= Beginning of Section =
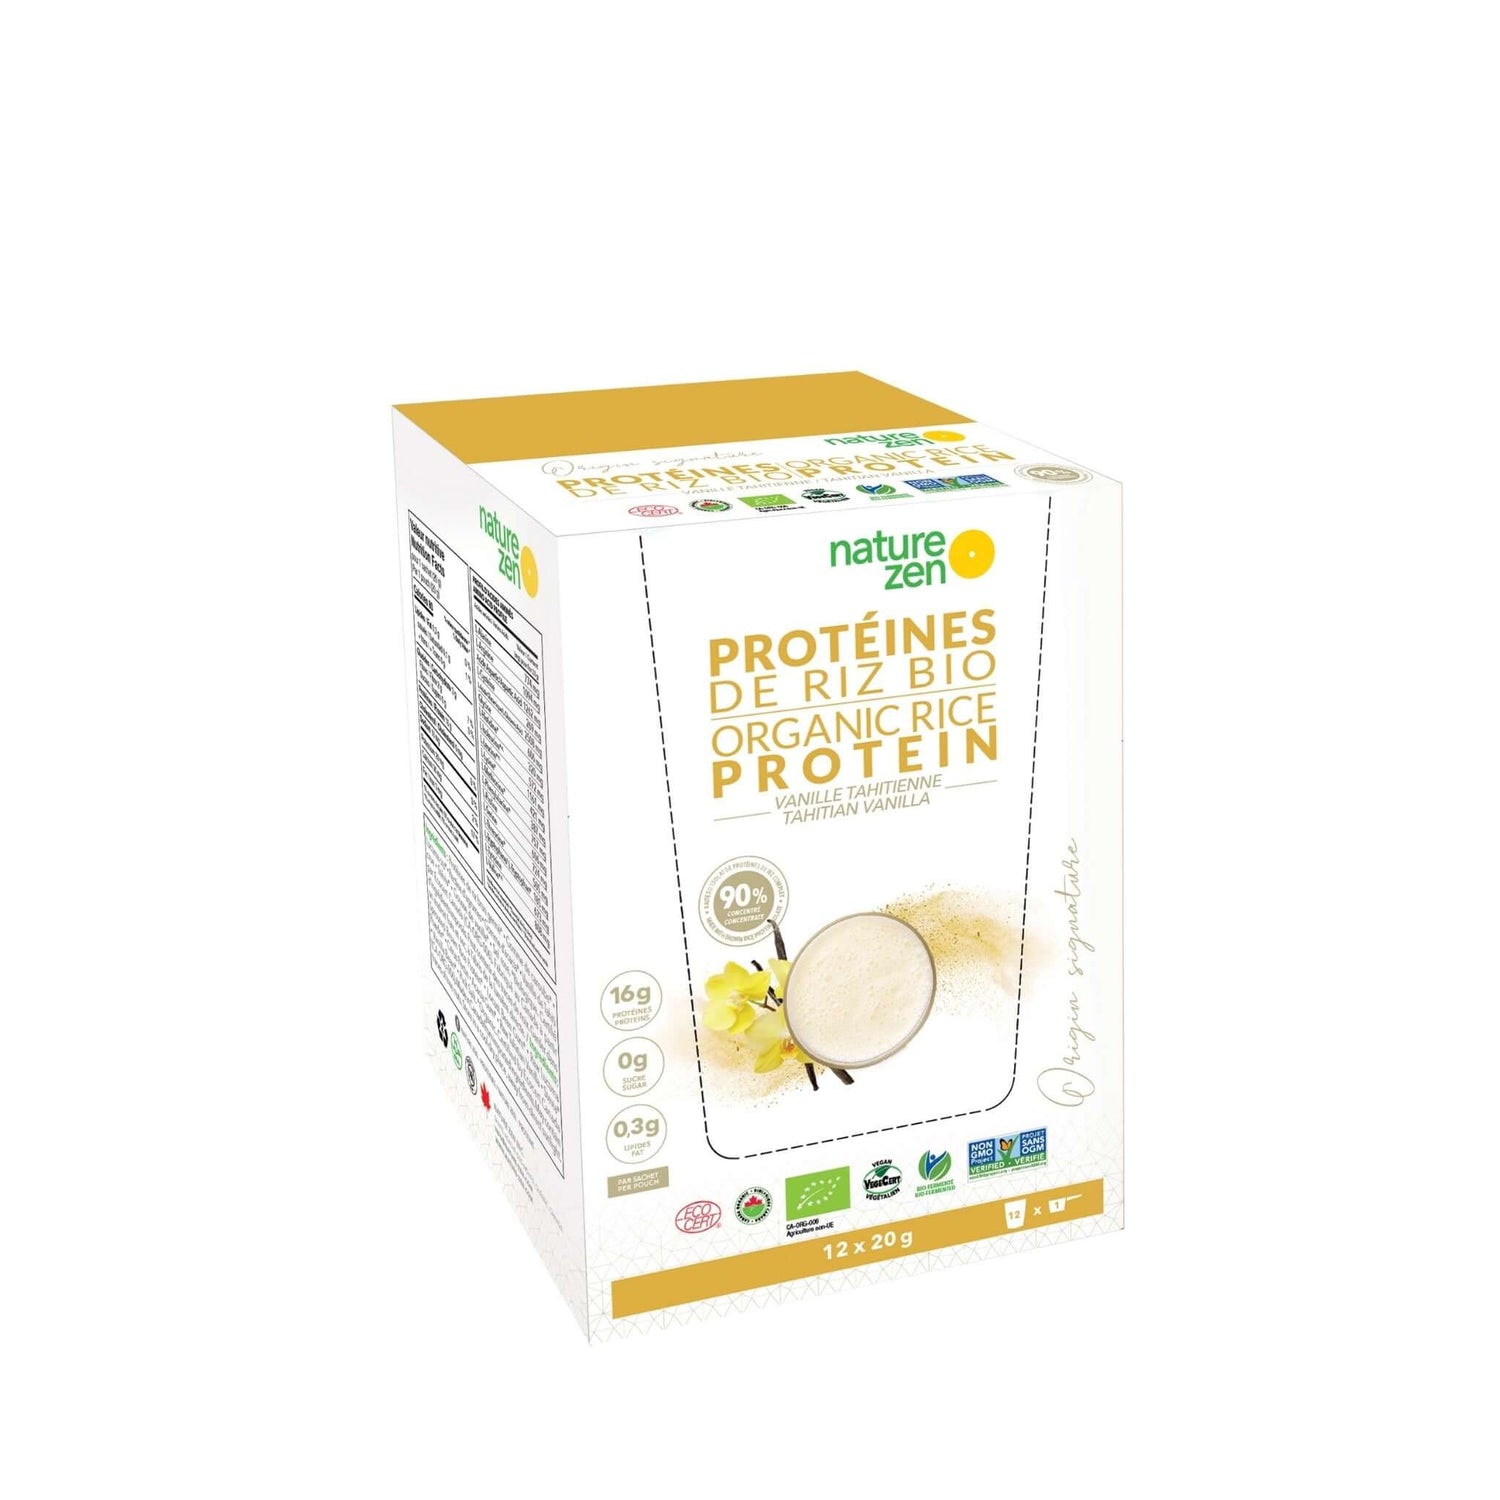 Nature Zen Origin - Organic Rice Protein Powder - Tahitian Vanilla (box)
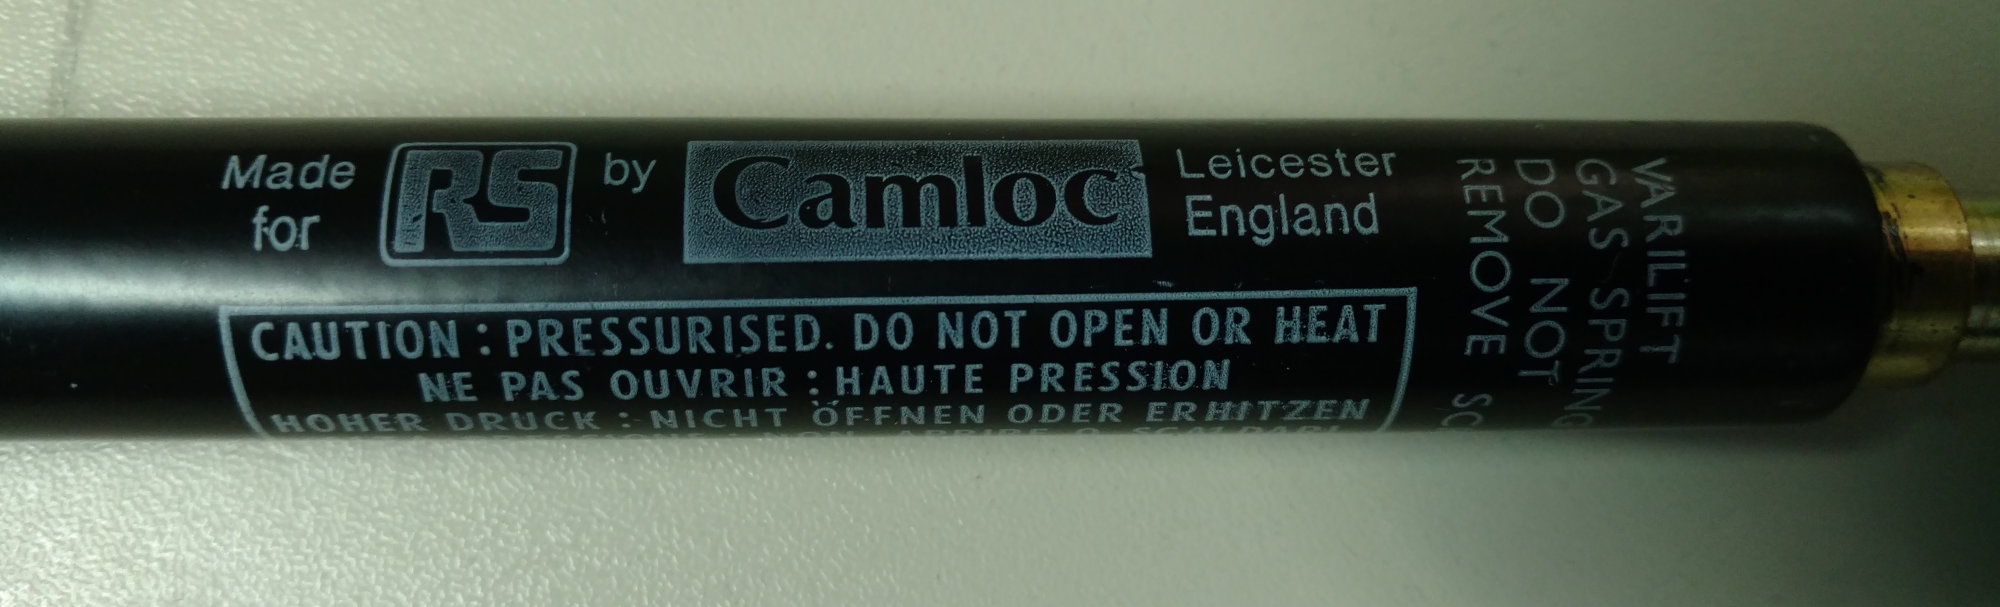 Camloc RS-182
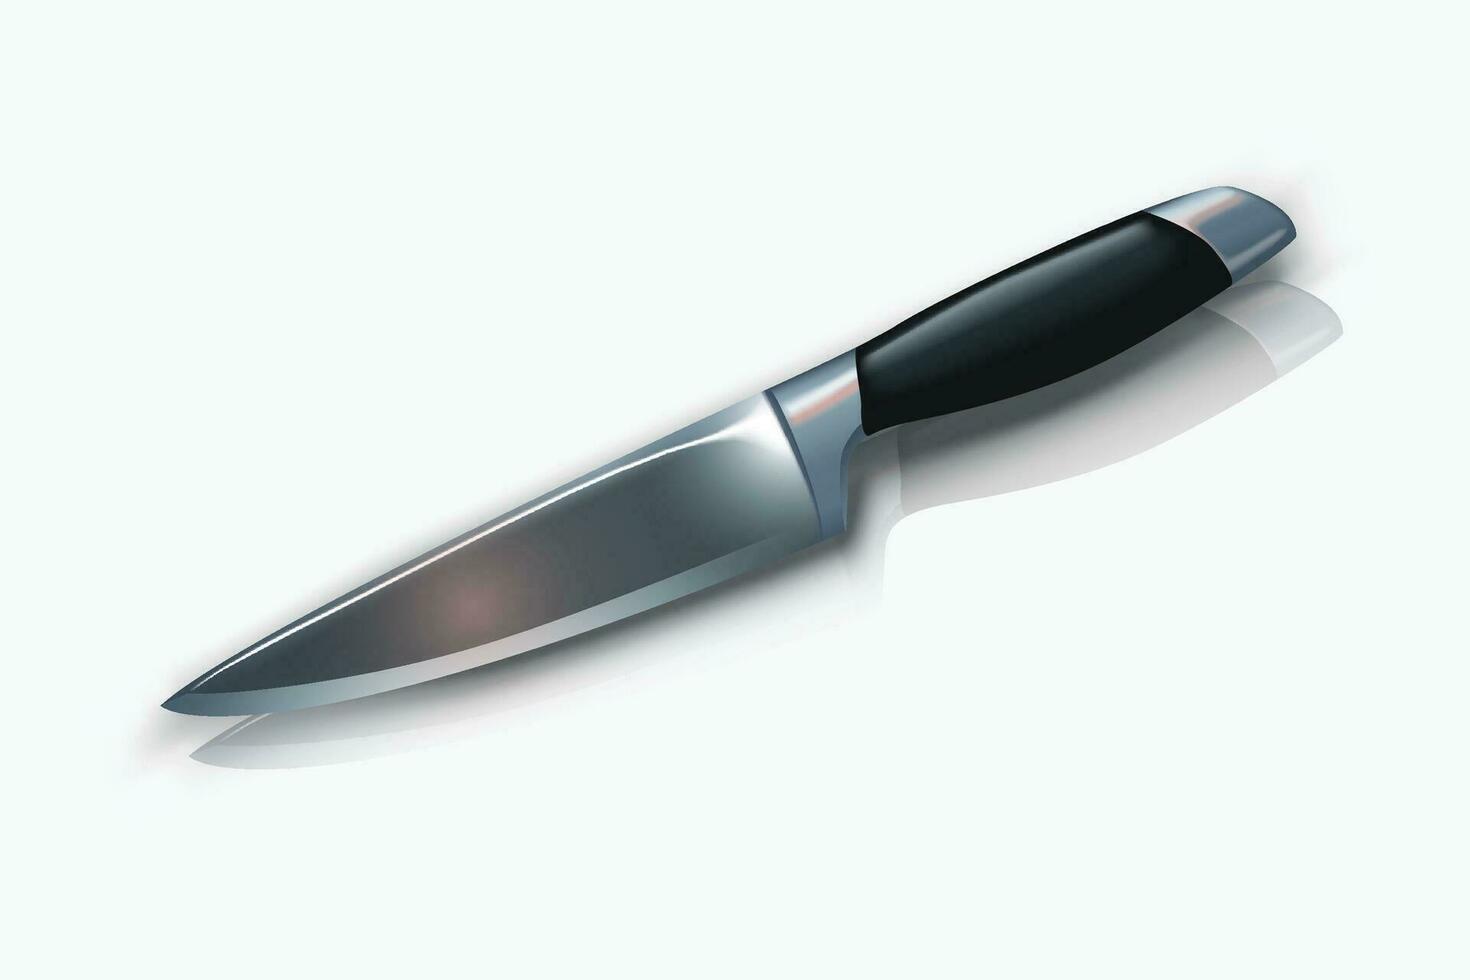 imagen de cuchillos vector
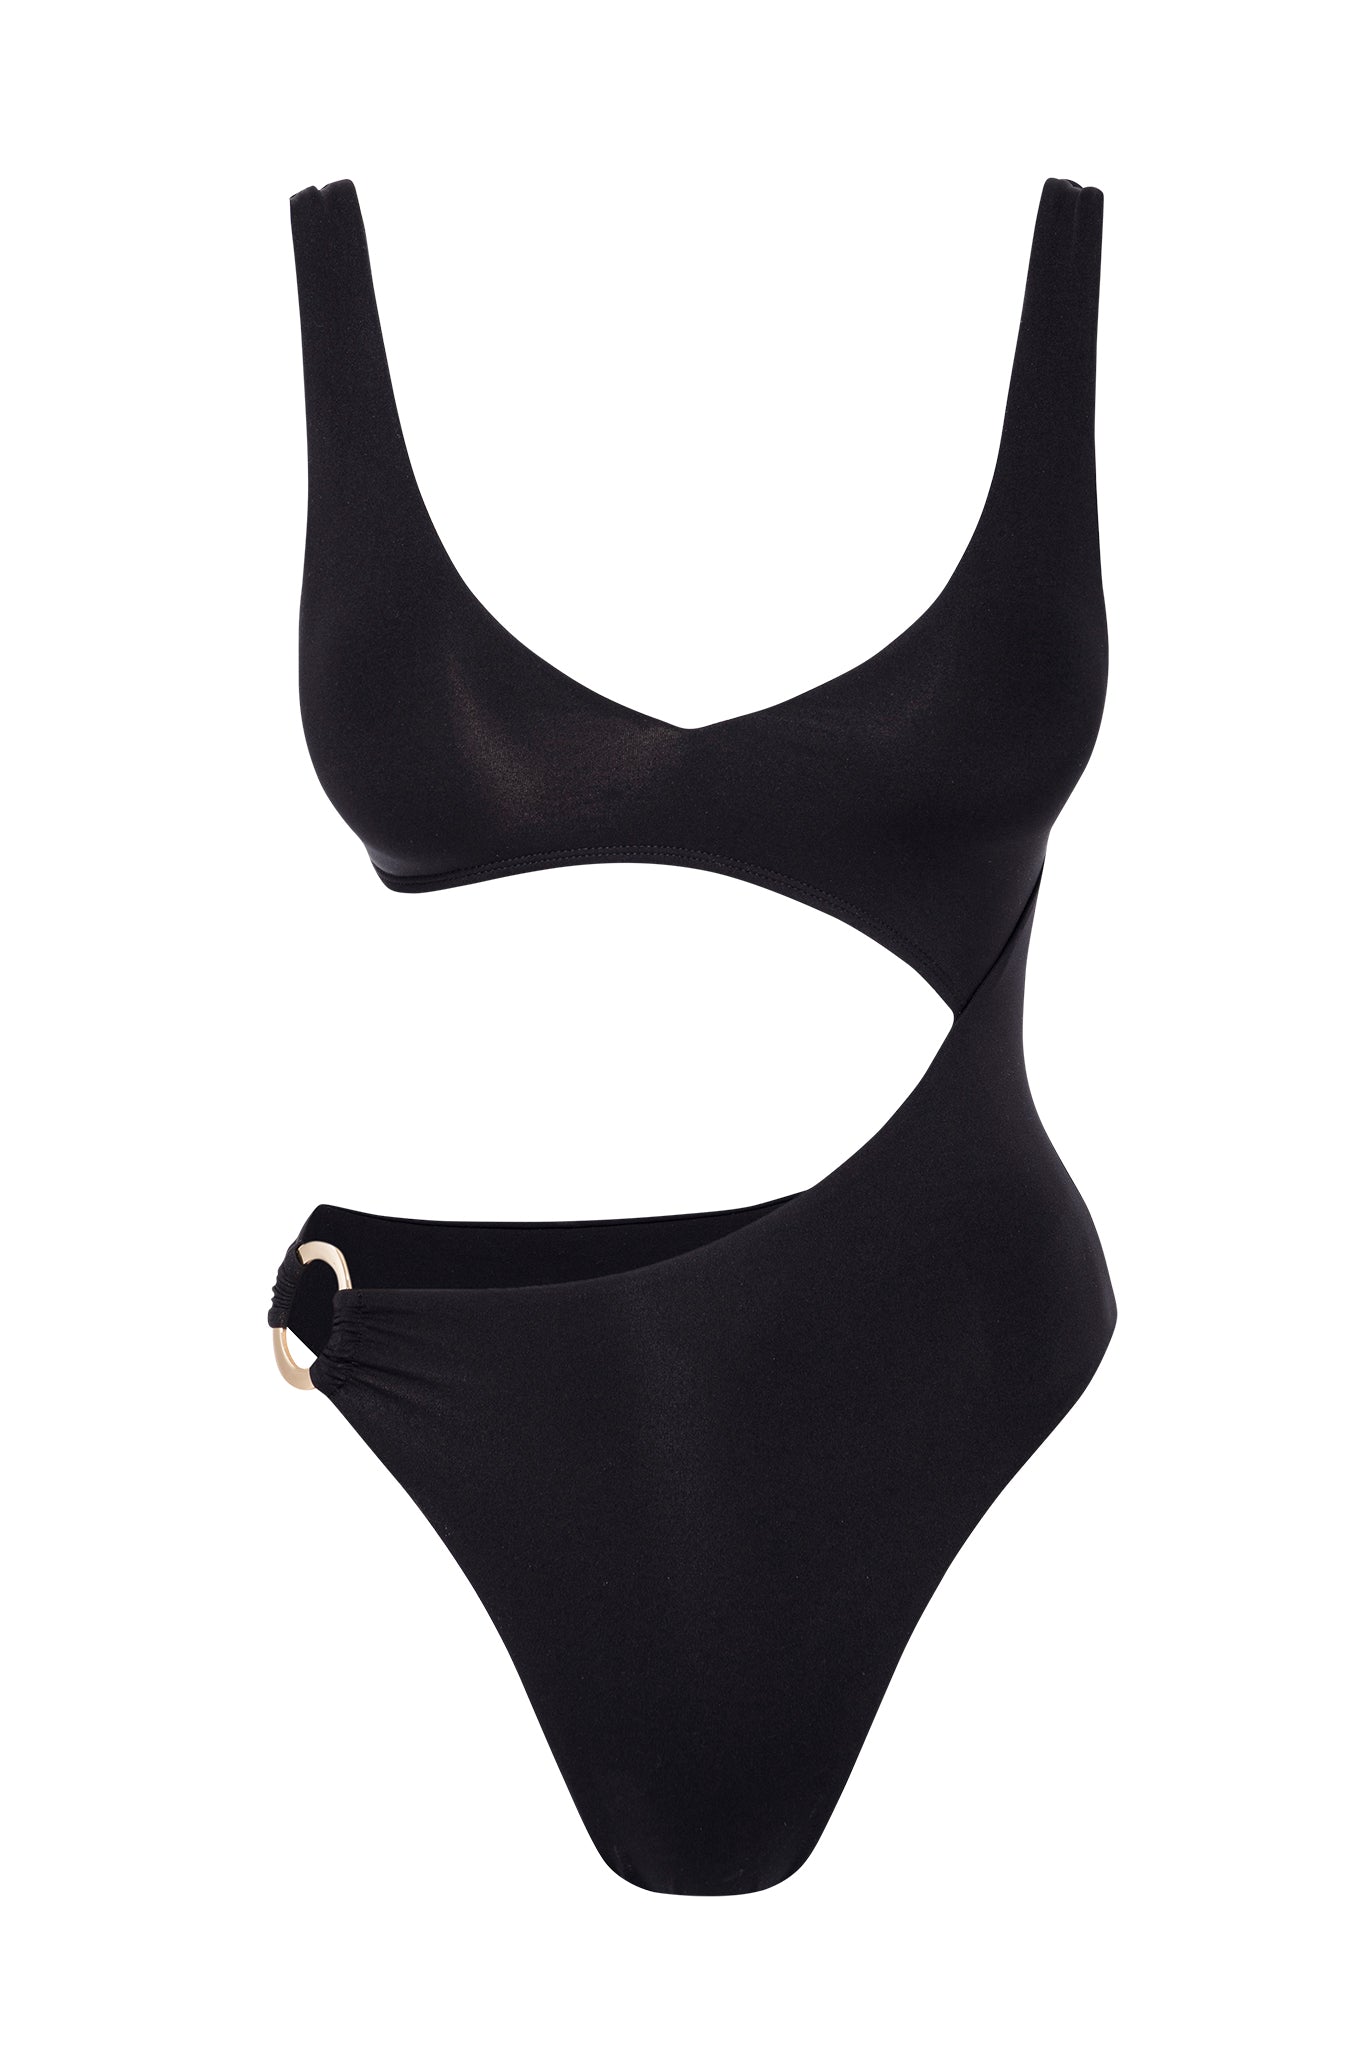 Monday Swimwear Santa Caterina One Piece - Black Black / L
= End of Section =
With images left out, the data must be transcribed exactly.

RESULT
 Nature Zen Origin - Organic Rice Protein Powder - Tahitian Vanilla (box)
 Camloc RS-182
 imagen de cuchillos vector
 Monday Swimwear Santa Caterina One Piece - Black Black / L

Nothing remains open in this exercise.